I am trying to merge two data.tables that result in multiple matches, to resolve this I want to select at random one of the multiple matches.
Say i have dt1
as such. Note, dt1
has 100+ columns but for demonstration purposes I've only written out three.
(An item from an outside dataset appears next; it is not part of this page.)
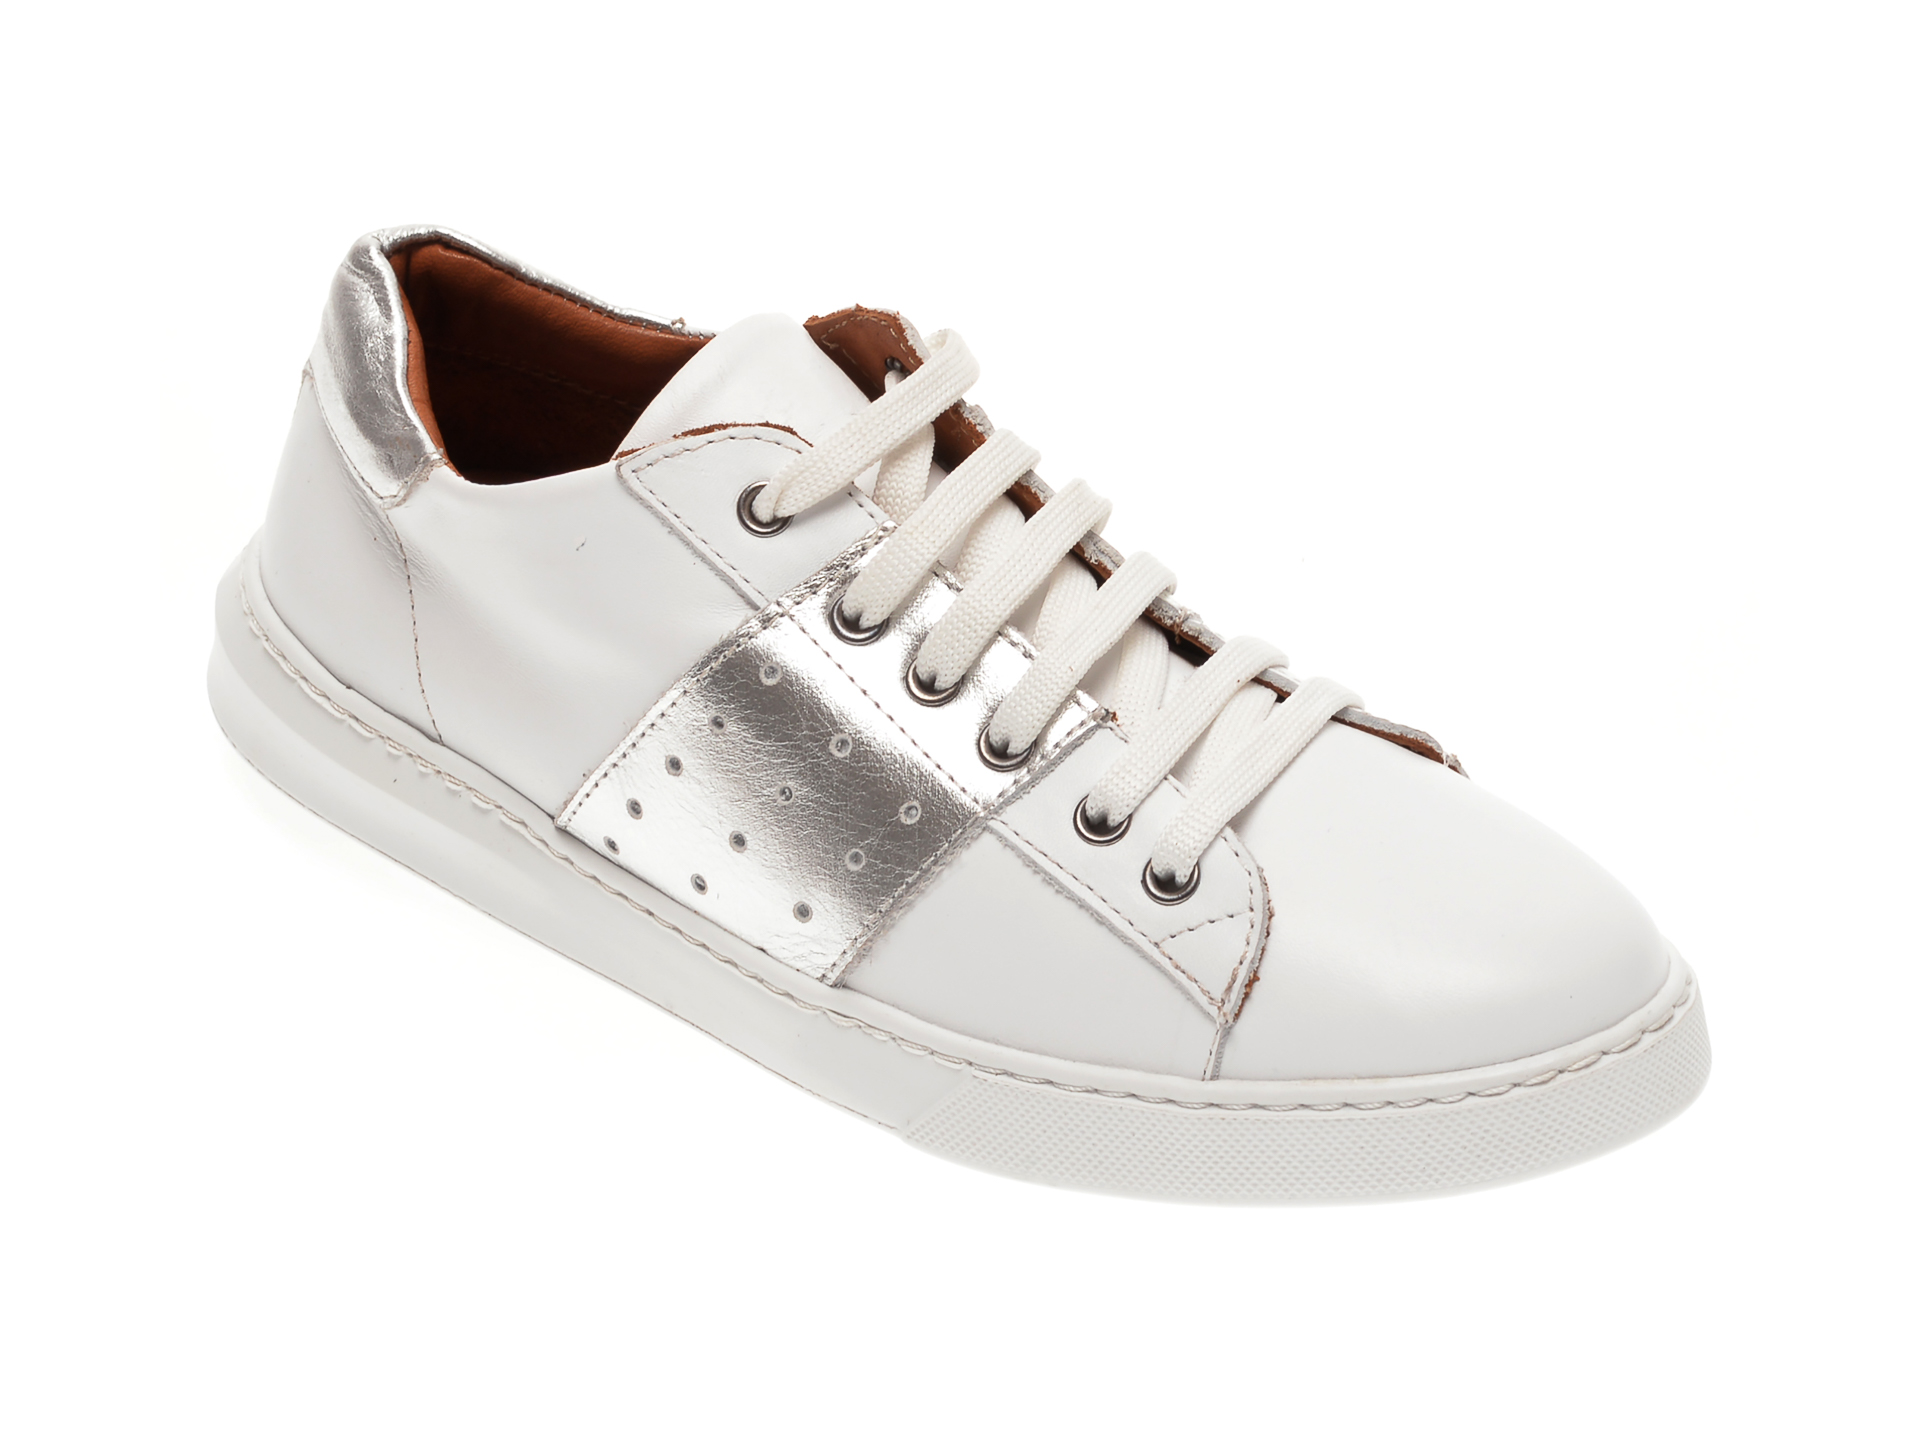 Pantofi BABOOS albi, 2303, din piele naturala

dt1 = data.table(x1 = c(100, 100, 200, 200, 200),
x2 = c(101, 102, 201, 202, 203),
v1 = c(1,2,3,4,5),
...
vn = ...)
x1 x2 v1
1: 100 101 1
2: 100 102 2
3: 200 201 3
4: 200 202 4
5: 200 203 5
Similarly dt2
looks like such. It also has more columns than what is shown below:
dt2 = data.table(x1 = c(100, 100, 100, 200, 200),
y1 = c(1, 2, 3, 4, 5),
...)
x1 y1
1: 100 1
2: 100 2
3: 100 3
4: 200 4
5: 200 5
What I want to do is merge on dt1
onto dt2
using column x1
to result in something like this:
x1 x2 v1 y1
1: 100 101 1 1
2: 100 101 1 2
3: 100 102 2 3
4: 200 201 3 4
5: 200 203 5 5
This solution is very close to what I want
Join data frames and select random row when there are multiple matches
however, since both dt1
and dt2
has so many columns I cannot list out every single column (regardless of which way I want to merge dt1 to dt2 or dt2 to dt1).